DETROIT — Ford will reduce gas mileage estimates for its C-Max hybrid, following a government investigation into consumer complaints that the car’s actual mileage was lower, a person familiar with the matter said Thursday.
Ford will drop the combined city-highway mileage listed on the window sticker from 47 mpg to 43 mpg, according to the person, who asked not to be identified because the change has not been formally announced.
The U.S. Environmental Protection Agency, which monitors gas mileage testing, began its probe earlier this year after consumers complained that the C-Max’s mileage fell short of estimates.
Ford followed EPA methods to calculate the C-Max mileage, but in this case, the numbers still were overstated, according to the person familiar with the matter.
Ford spokesman Todd Nissen would not comment Thursday afternoon. The company had scheduled an announcement about gas-mileage on Friday, without giving specifics.

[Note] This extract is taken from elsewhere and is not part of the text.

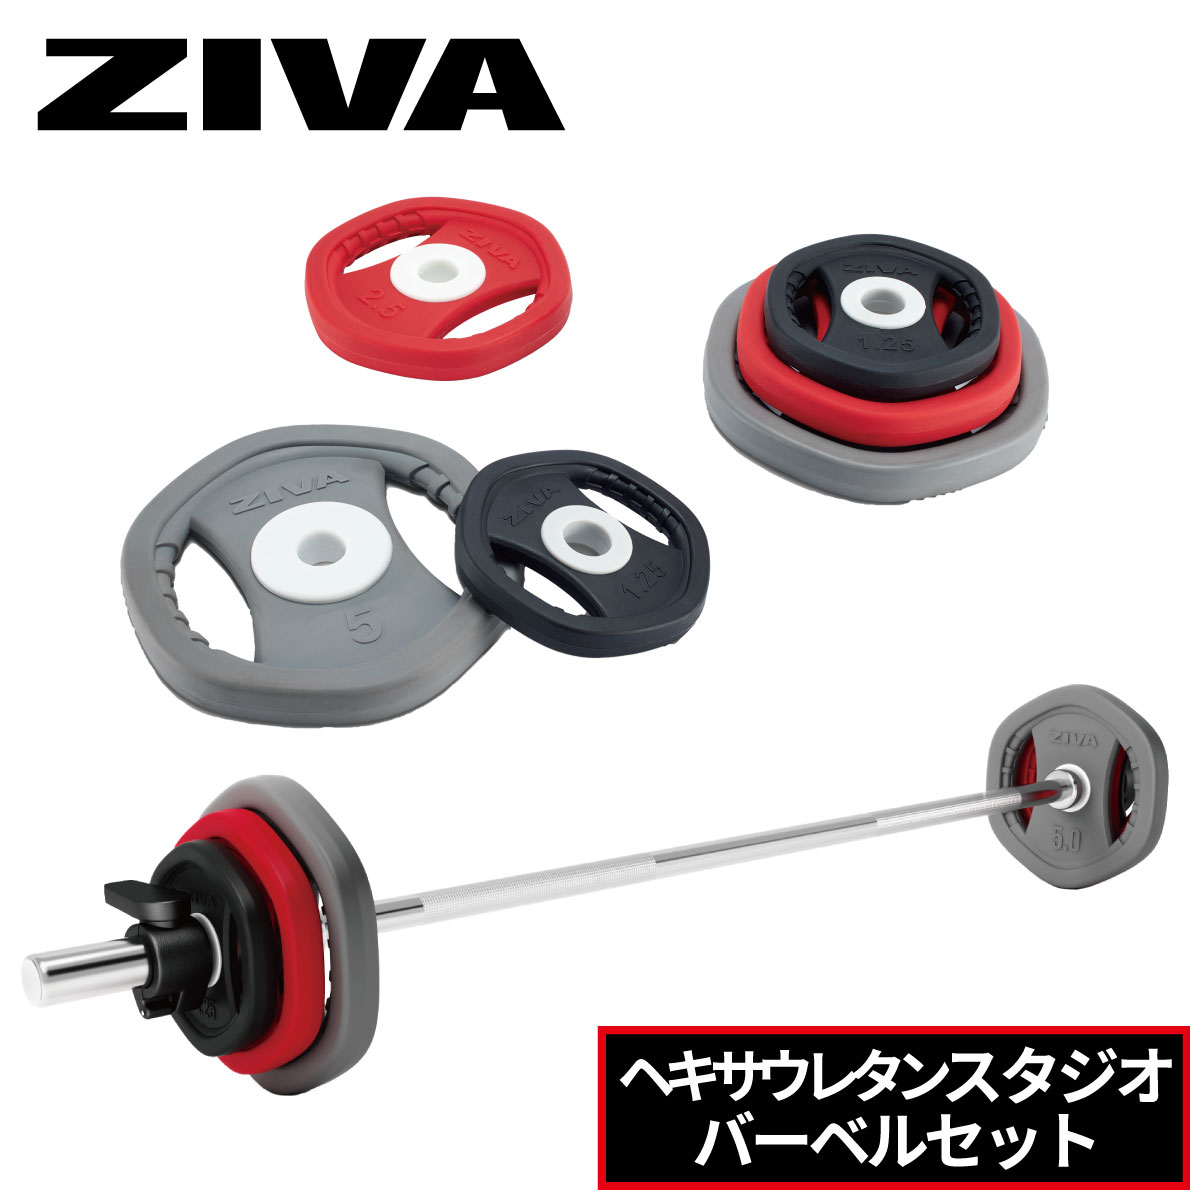 《ZIVA ジーヴァ 》ヘキサウレタン 限定モデル スタジオバーベルセット ZVO-PHBS-1627 返品不可 ウエイトリフティング フリーウエイト ヘキサウレタンスタジオバーベルセット ウレタンコーティング ZIVA バーベルセット トレーニング ウエイトディスク カラー 18kg バー
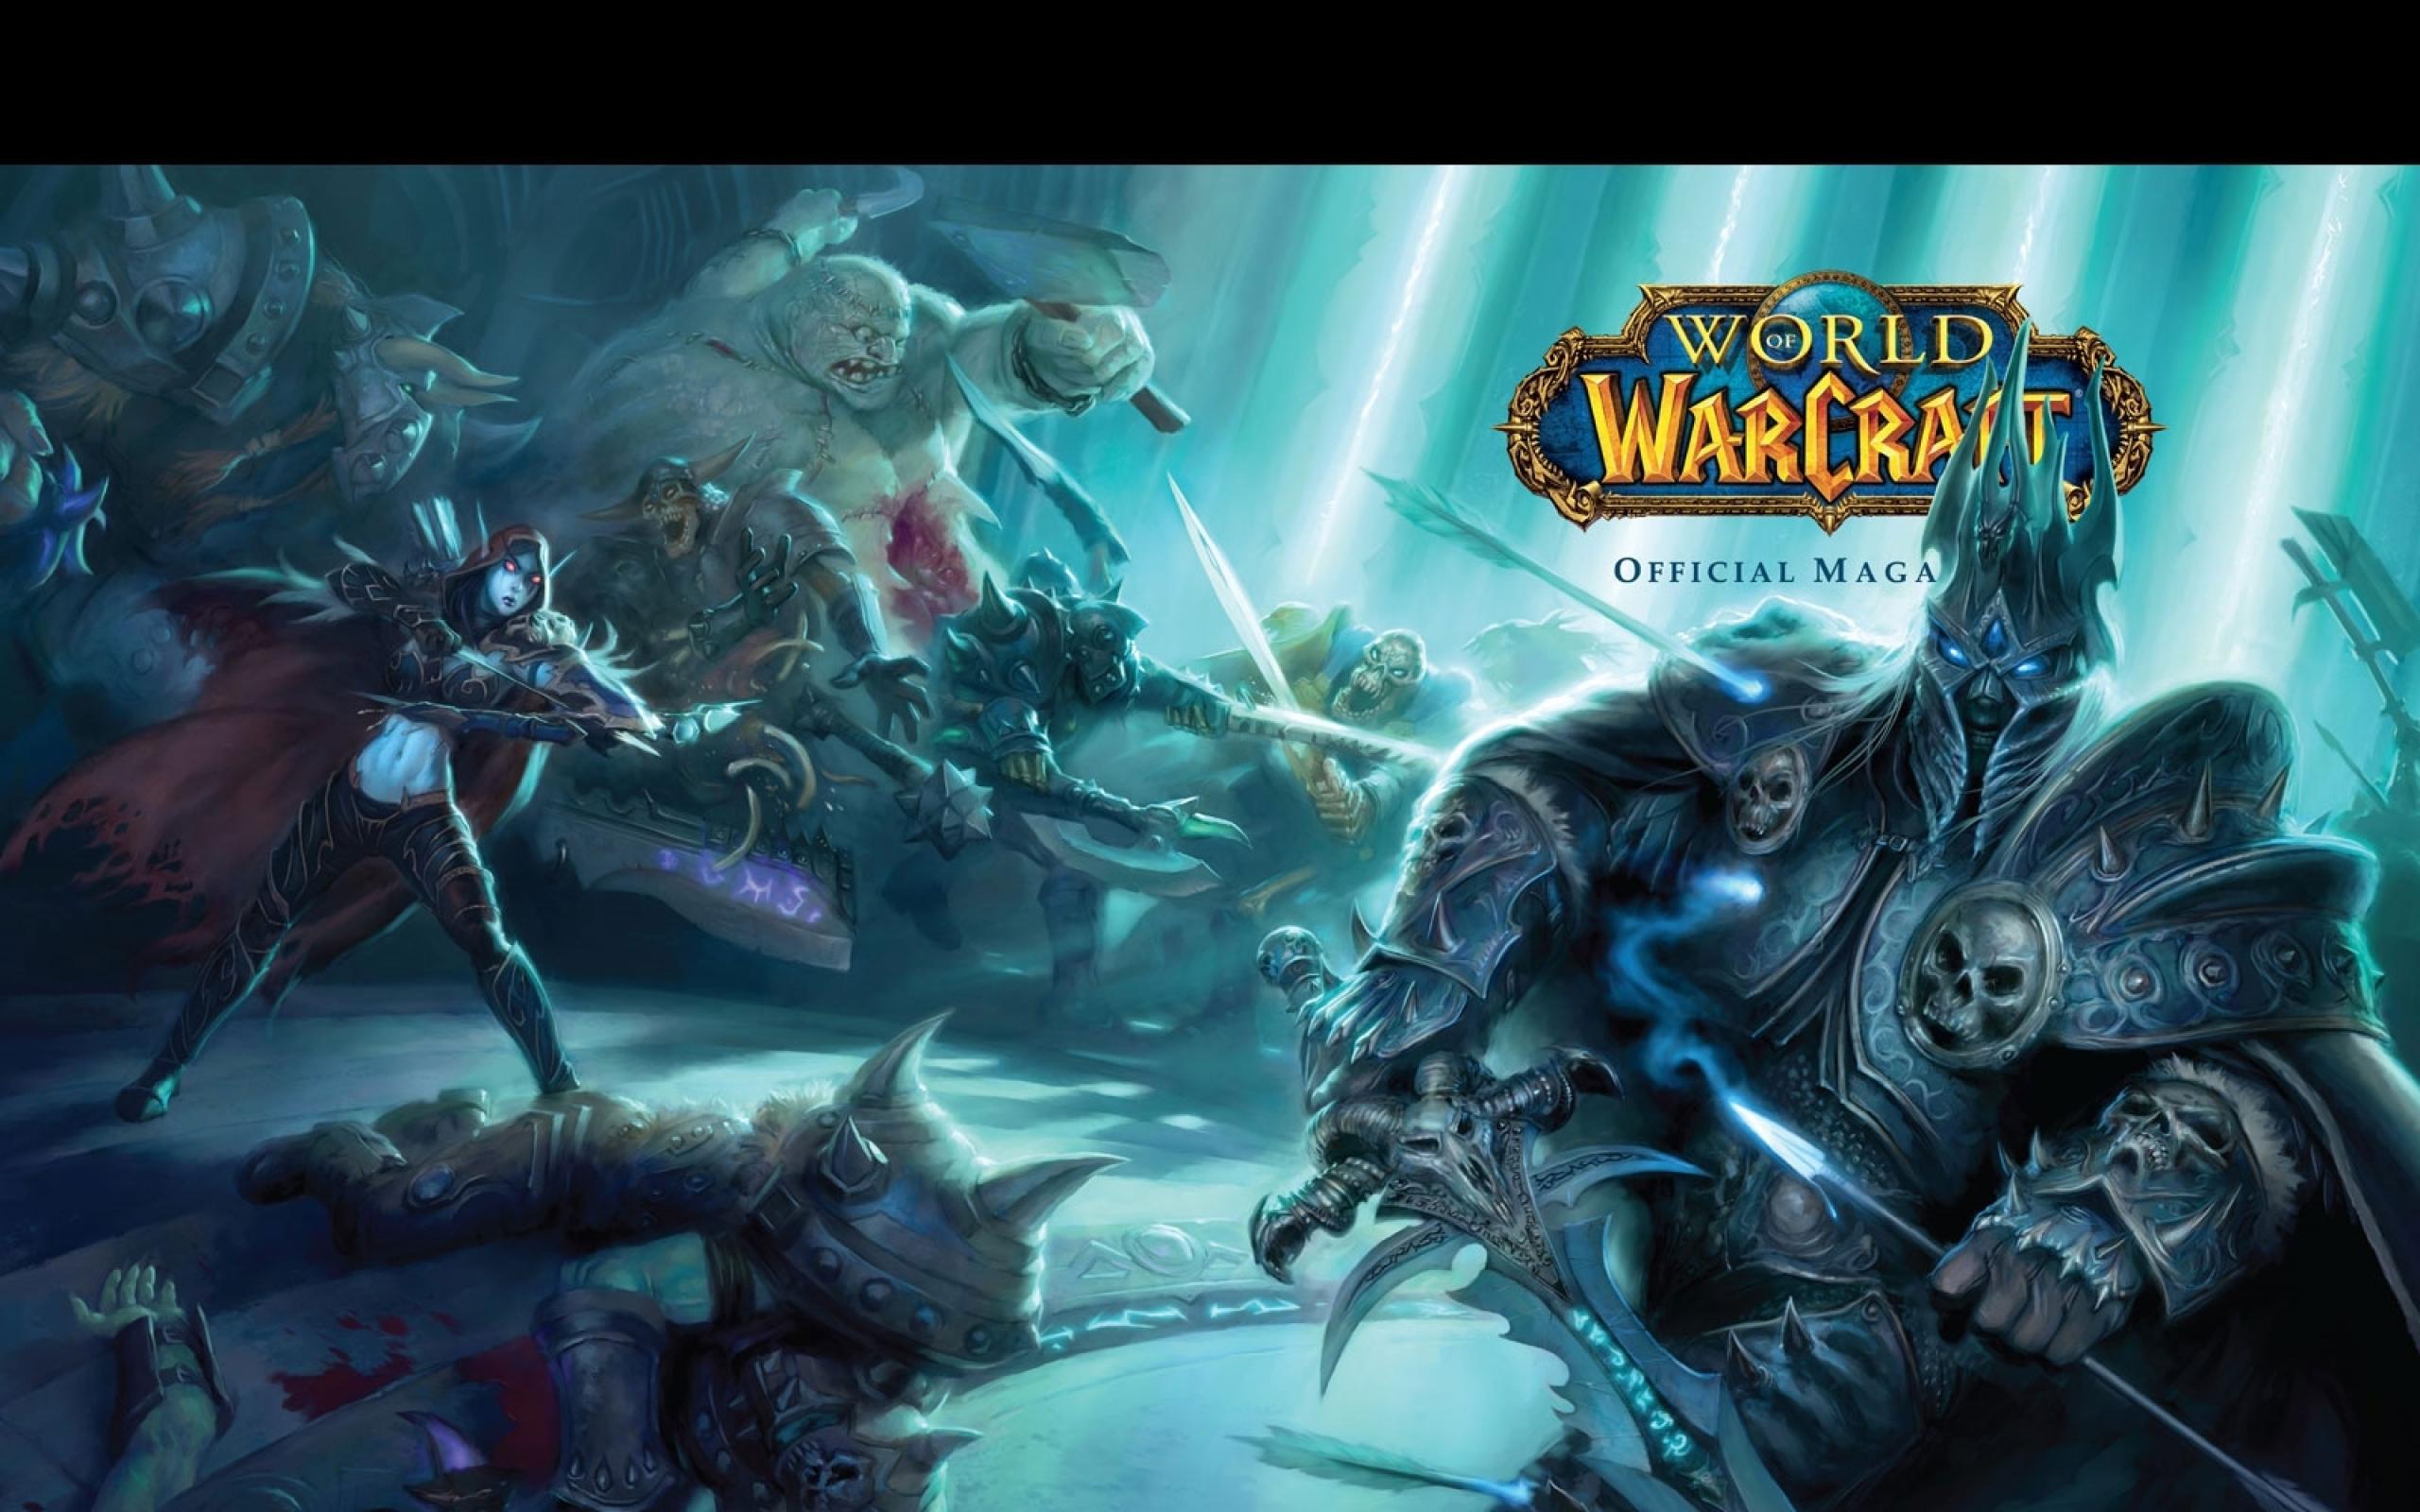 Download Wallpaper Wow Arthas World Of Warcraft Menethil

It’s the second time in less than a year that the EPA has made an automaker reduce window sticker mileage figures. In November, the EPA found inflated numbers on 13 Hyundai and Kia models.
The Ford error likely stems from EPA test procedures that let automakers test one car, then apply that car’s gas mileage to other models with the same engines, transmissions and weight classifications, said John German, a senior fellow at the International Council on Clean Transportation and a former EPA mileage certification official.
In this case, Ford would be allowed to test the Fusion midsize hybrid and apply its mileage figures to the C-Max. But the C-Max may not get the mileage of the Fusion in the real world because it sits higher and has more wind drag.
The C-Max went on sale in October 2012. Through July of this year, the company had sold a total of 36,349. The C-Max starts at $25,200, which is nearly $9,000 more than its non-hybrid equivalent, the Ford Focus.
In the Hyundai-Kia case, the automakers acknowledged the problem with more than 900,000 vehicles. They changed the numbers and blamed a procedural error. As compensation, the companies have paid owners around $88 annually, based on the amount the mileage was overstated and the average price of gasoline. The customer payments are likely to cost the companies millions of dollars.
Automakers follow EPA procedures to test vehicles, and the EPA spot-checks their results or checks them in response to consumer complaints. But it rarely finds problems that warrant corrections. The EPA has said the Hyundai-Kia case was the first in which erroneous test results were found in so many models. Only two similar cases have been discovered since 2000, and those involved single models.
Some buyers refused to settle and sued in federal court, where Hyundai is now negotiating with plaintiffs. The EPA says it’s still investigating the Hyundai-Kia case and could further punish the automakers.